Недалеко от Устера мы объехали кругом холма, который где-нибудь в саду мог представлять большую гору: это — куча каменьев, поросших кустарниками, в которых, говорят, много змей, оттого она и называется Шлянгенхель, то есть Змеиная горка. Вообще колония изобилует змеями; между ними много ядовитых и, между прочим, известная кобра-капелла. В Стелленбоше Ферстфельд сказывал нам, что, за несколько дней перед нами, восьмилетняя девочка сунула руку в нору ящерицы, как казалось ей, но оттуда выскочила очковая змея и ужалила ее. Девочка чрез полчаса умерла. На мызе Клейнберг говорили, что в окрестностях водится большая, желтая, толстая змея, которая, нападая на кого-нибудь, становится будто на хвост и перекидывается назад.

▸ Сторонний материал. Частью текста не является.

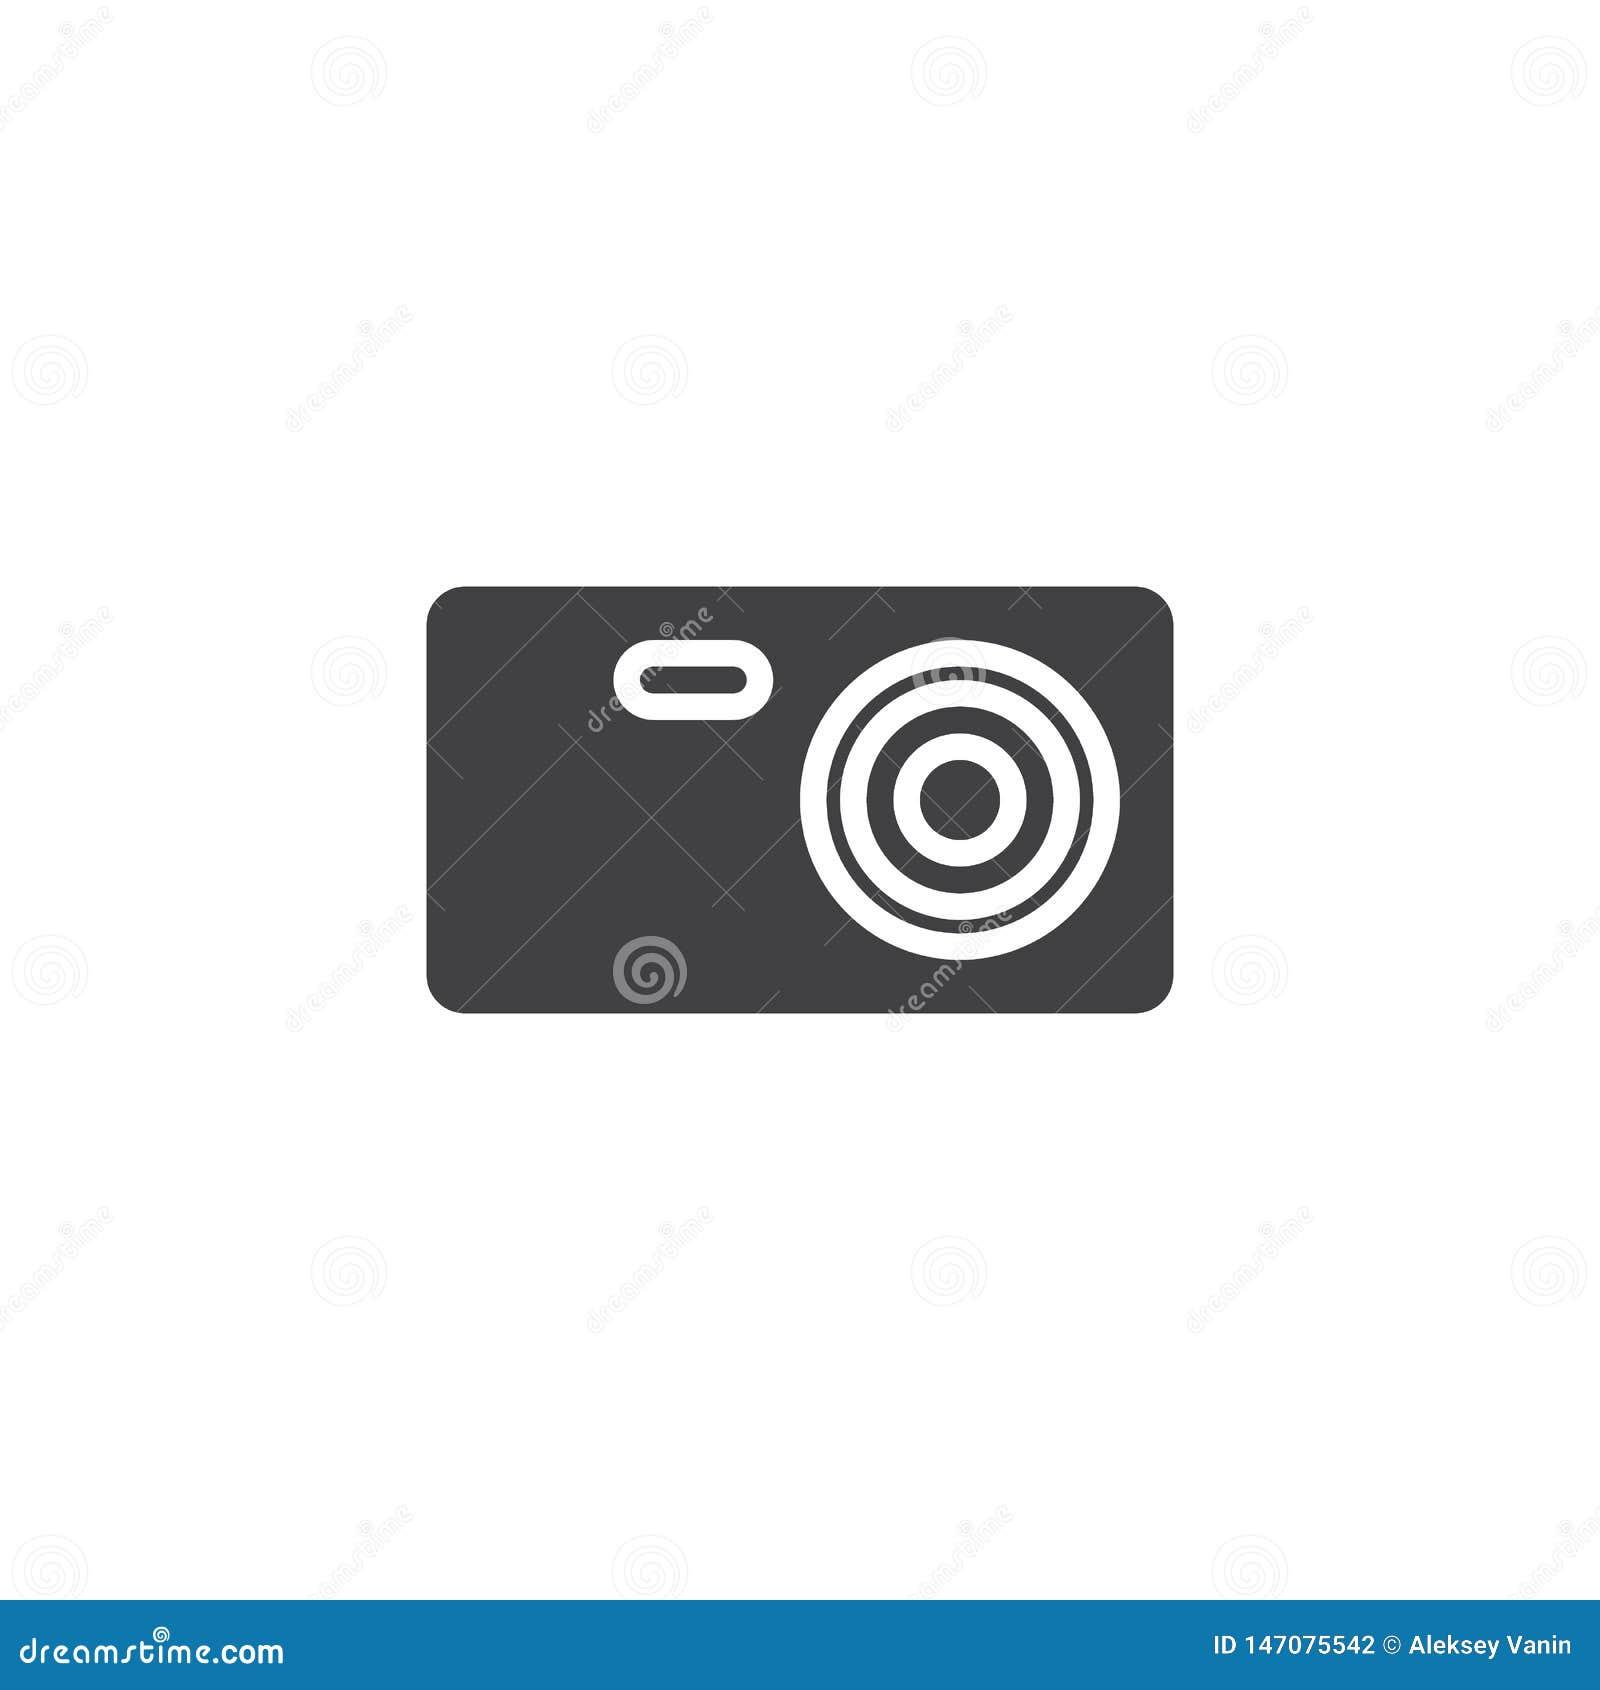 Icône de vecteur de caméra de voyage

Совсем стемнело, когда мы стали подъезжать к Устеру. Дорога ужасная: пески, каменья, беспрестанные ямы. Иногда мы получали такие толчки, что экипаж откидывало в сторону. Темнота адская; мы не видели, куда ехали: перед глазами стояла как будто стена. Лошади бежали чуть-чуть заметной рысью. «Как бы в овраг не свалиться», — говорили мы. «Нет, не свалимся, — отвечал Вандик, — на камень, может быть, попадем не раз, и в рытвину колесо заедет, но в овраг не свалимся: одна из передних лошадей куплена мною недели две назад в Устере: она знает дорогу». — «Да вот, въезжаем, вот здания какие-то!» — сказал барон. В самом деле, мы поравнялись с какими-то темными массами, которые барон принял за домы; но это оказались деревья. Мы продолжали трястись и пробирались ощупью. Через четверть часа Зеленый сказал: «Вот теперь так приехали: я вижу белую стену неподалеку». «Это Устер?» — спросили Ван-дика. «Нет, это ферма, — сказал он, — от нее еще мили четыре до Устера». Ах, какое наказание! Местами мы проезжали большие пространства булыжника: это значит ехали по высохшему руслу реки. Колеса так визжали в каменьях, что нельзя было разговаривать. Мы еще несколько раз ошиблись, принимая то кусты, то ближайшие холмы за городские здания. Потом нам надоело и ехать и ошибаться: мы соскучились и сидели молча, только хватались за бока, когда получали толчок. Наконец, через добрый час езды от фермы, Вандик вдруг остановил лошадей и спросил кого-то и что-то по-голландски. Ему крикнуло в ответ голосов двадцать. «Что это? где мы?» — спрашиваем Вандика. «В городе, — отвечал он, — да вот не вижу улицы, не знаю, как проехать к отелю». Я напряг зрение в темноте и отличил силуэты темных фигур, которые стояли около нашего экипажа. «Что это за народ?» — «Black people», — отвечал Вандик, пуская лошадей дальше. Вдруг черные что-то дружно крикнули нам вслед, лошади испугались и сильно дернули вперед. «Аппл!» — закричал Вандик и, обратясь, тоже что-то крикнул черным. Показались огни, и мы уже свободно мчались по широкой, бесконечной улице, с низенькими домами по обеим сторонам, и остановились у ярко освещенного отеля, в конце города.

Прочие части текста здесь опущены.